AI, Leadership, and the New Work Contract: Innovation Outpacing Leadership

Web Editor

April 23, 2025

The AI Revolution: A New Type of Mental Infrastructure

Sundar Pichai, Google’s CEO, recently stated that artificial intelligence (AI) is “probably the most important thing humanity has ever worked on… something deeper than electricity or fire.” The reality is that AI has become a new type of mental infrastructure. An emerging force that redefines and expands our cognitive abilities, thereby reconfiguring the very meaning of working, leading, and creating value.

The main issue is that today, in thousands of companies, there’s more AI than organizational intelligence. While many executives continue to debate whether AI is safe, employees are already using it—behind their leaders’ backs.

The Leadership Gap

According to McKinsey, 75% of employees already use some AI tools. However, more than 60% of organizations still lack a clear plan for integrating AI. More alarmingly, employees use generative AI tools three times more often than their leaders believe. Despite this spontaneous adoption, only 26% of employees have received substantial training to use AI with discernment, security, or purpose.

These numbers reveal a cultural fracture. Innovation has outpaced leadership. While teams experiment, test, and solve problems using AI—even outside the organization’s ethical framework—executive layers grapple with fascination, skepticism, and inertia.

In many Latin American companies, the conversation still revolves around whether AI is a threat to contain, a fad to observe, or a trend to wait for. What’s overlooked is that it’s no longer about whether AI will change the way we work but how we adapt to a change that’s already overtaking us.

Workers adopt AI because they need it. They use it to write faster, analyze better, gain perspective, free up time, or simply stay competitive in an unforgiving environment. It’s a matter of survival.

AI has become the silent copilot that many are unwilling to let go. The technology is ready and advancing, as are the people. What’s missing is leadership.

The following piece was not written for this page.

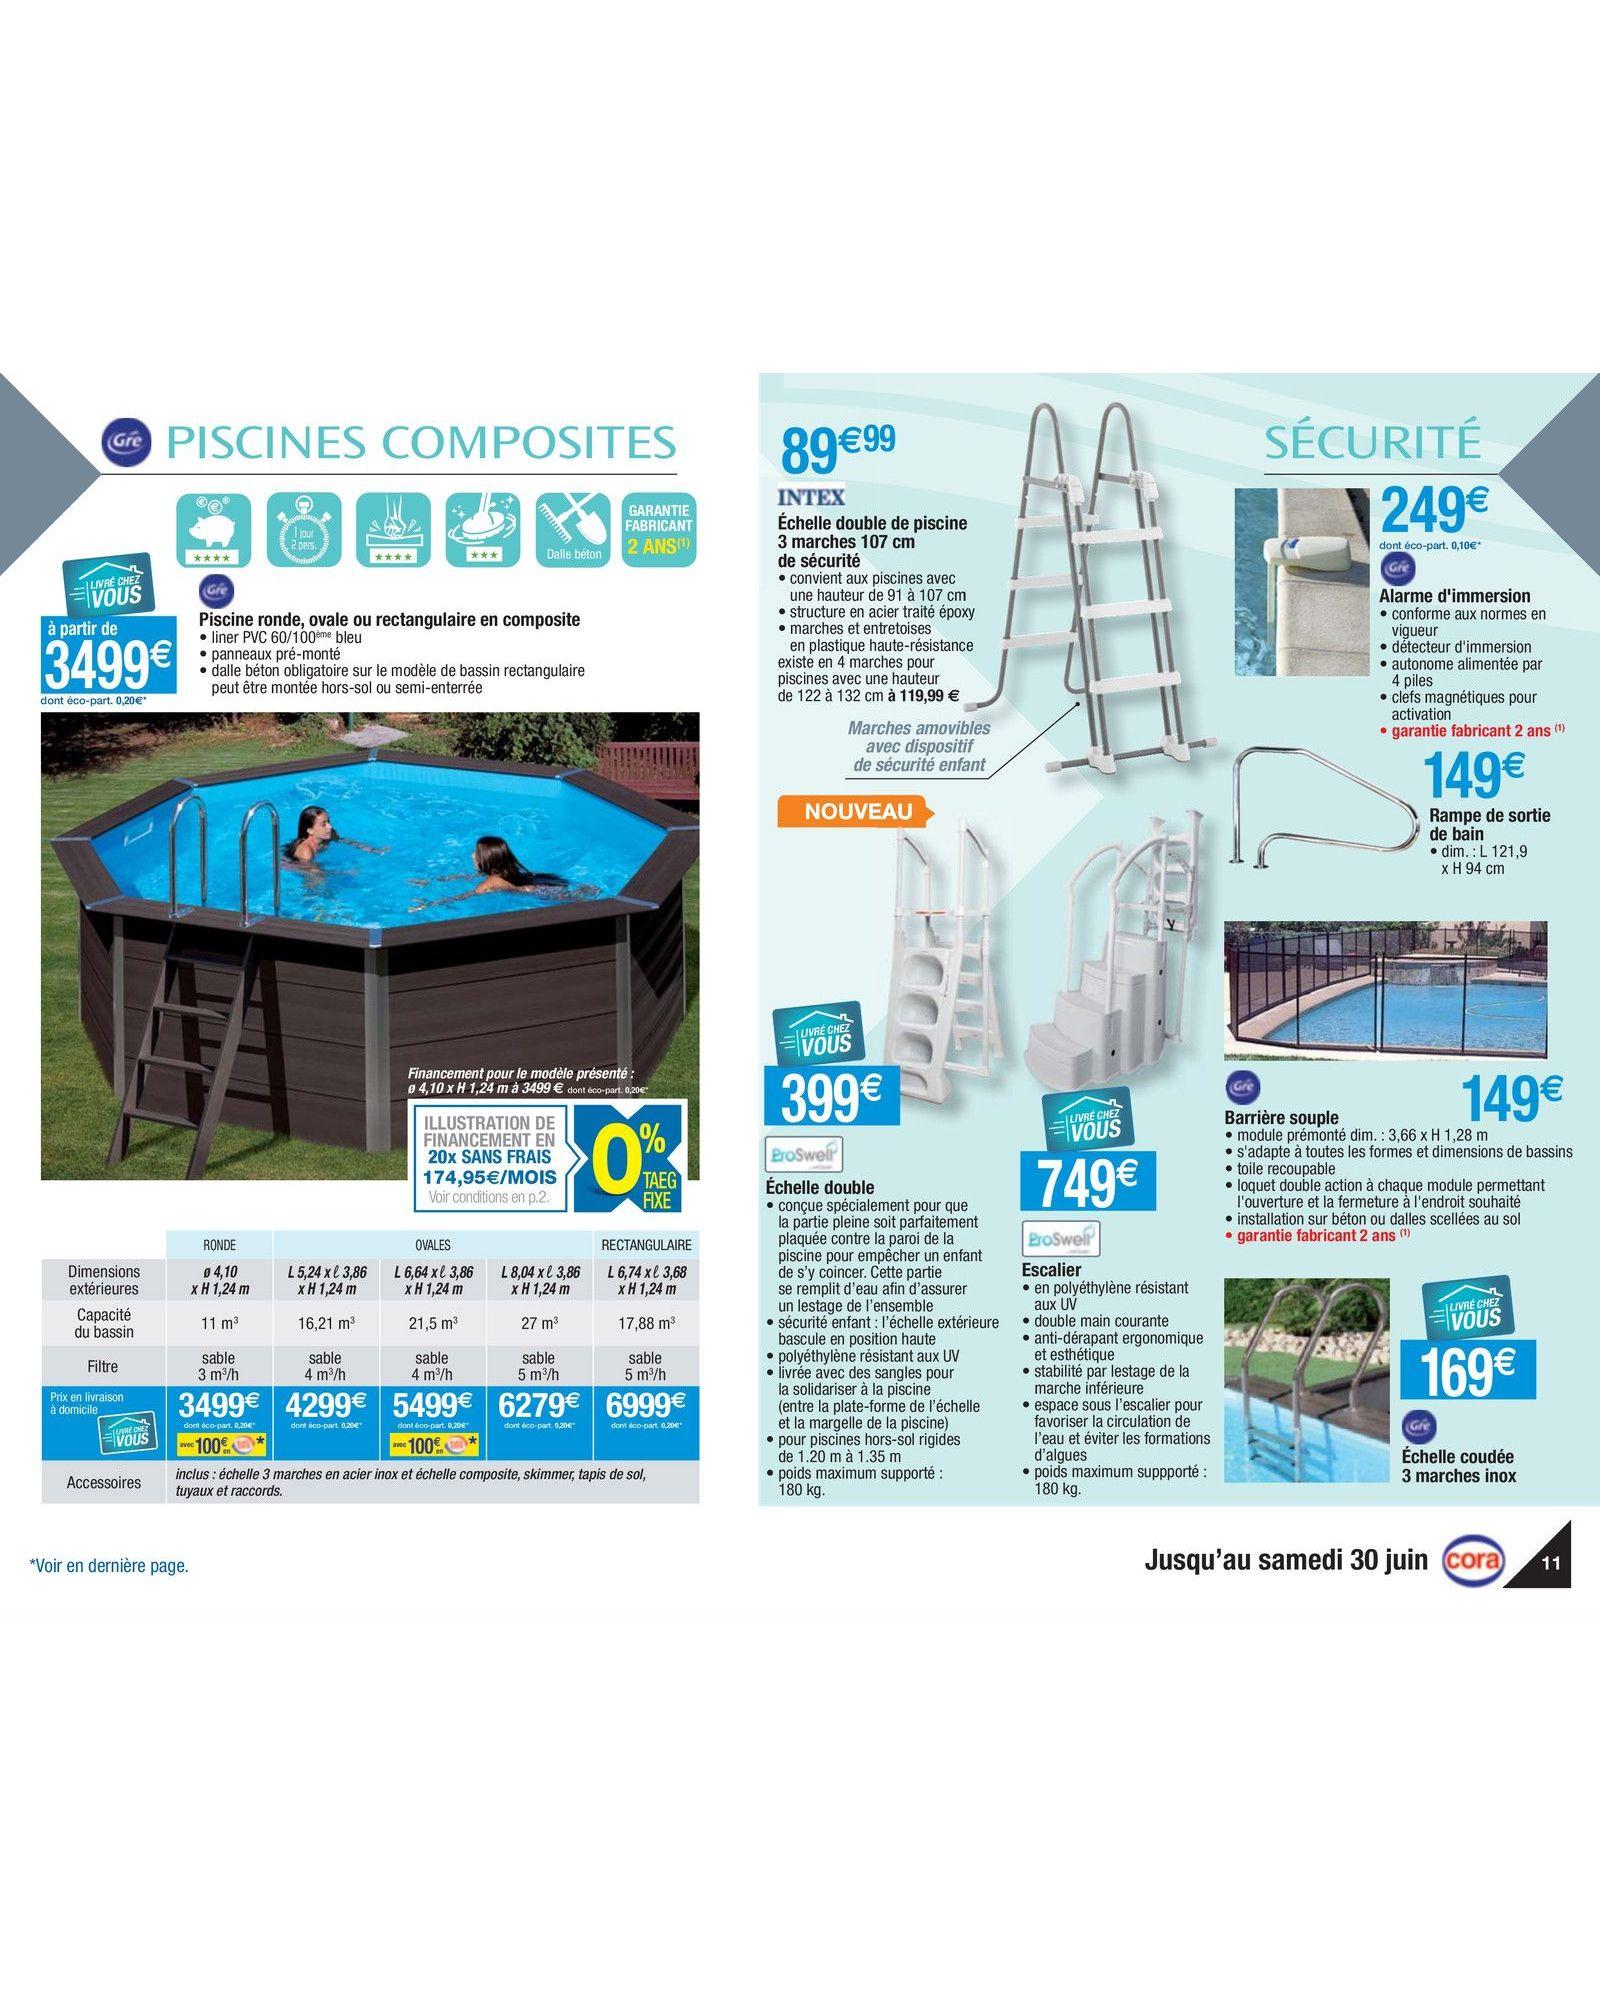 alarme piscine cora
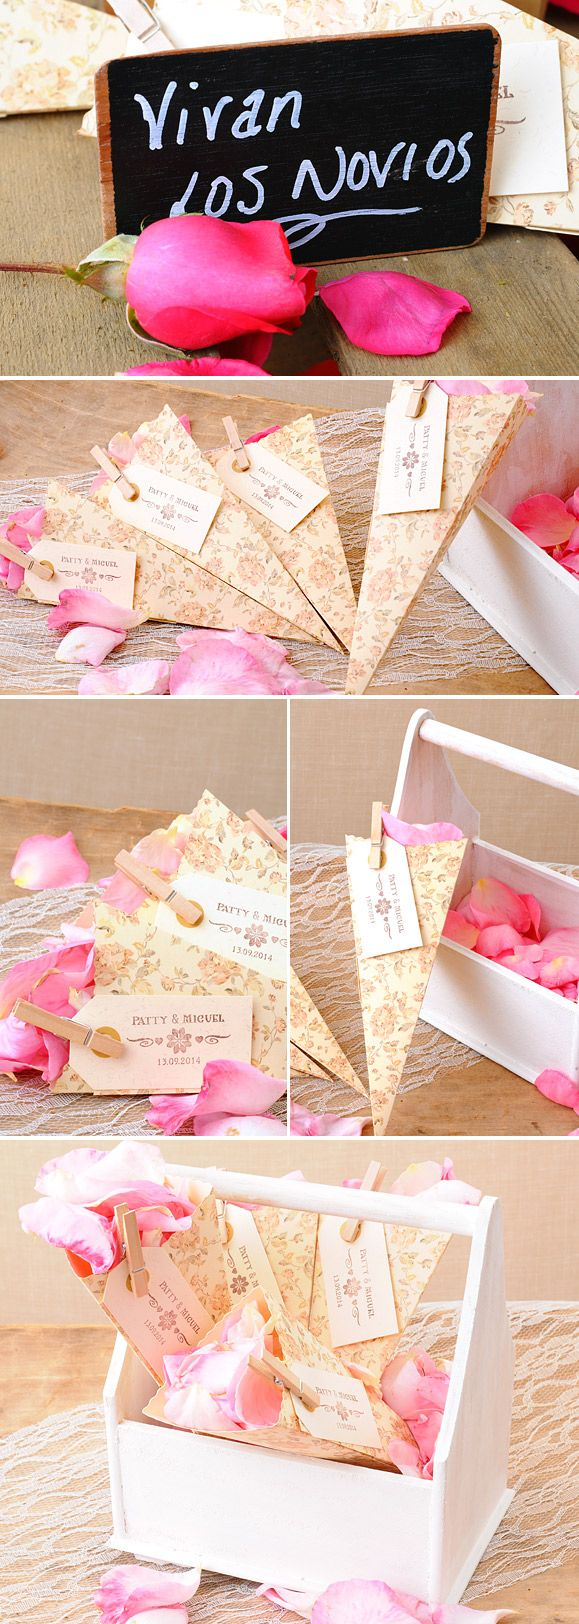 5 ideas muy sencillas para colocar los pétalos en vuestra boda

What Does It Mean to Work When a Machine Can Do It Better?

At stake is the place of humans in the value creation process. When an algorithm can draft a report in seconds and a predictive model can analyze more information in minutes than an entire team could in weeks, the question is no longer technical; it’s existential.

What matters more now: precision or judgment? Speed or purpose?

In this new environment, work must evolve. Its center of gravity shifts. It compels us to rethink the essence of our contribution. The human differentiator is no longer necessarily in execution, as it makes no sense anymore; it’s more than ever in discernment and judgment. It lies in the ability to imagine, to imbue meaning.

The answer is to redesign work based on what AI lacks: history, context, body, ethics, courage. We cannot lead from fear or improvisation. We must design a new collaboration between human capabilities and artificial intelligence.

Leading AI requires much more than enabling technology: It urgently demands training discernment.

The only real threat AI poses in this context is its irresponsible implementation. An AI deployed without training, conversation, or principles is a source of fragmentation and errors. We can’t keep reducing its integration to inspiring slogans or cosmetic solutions. Nor can we hide it under the technical jargon of restrictive policies that nobody enforces.

What’s needed is a mature, cross-cutting, and sustained conversation to eliminate anxiety and improvisation, designing a strategic governance of AI-powered teams.

This conversation should start with tough questions:

  • Which tasks should we automate to free human capacity?
  • What decisions should never be left to AI, under any circumstances?
  • What ethical risks are we willing to accept and how do we mitigate them?
  • What skills does our team need to collaborate with AI without losing discernment or autonomy?
  • What data do we protect, why, and how do we ensure this protection?
  • Most importantly, how do we preserve and enhance the best of humanity in this transition?

We’re Facing a Cultural Transformation

Most people don’t fear AI; they fear their organization will implement it poorly and fall behind.

According to a survey, 71% of employees trust their companies more than governments or big tech to implement AI ethically.

This presents a historic opportunity to create evolutive organizations, more aware of complexity and positive towards people.

AI isn’t here to take your job; it’s asking if you’re ready to reinvent it.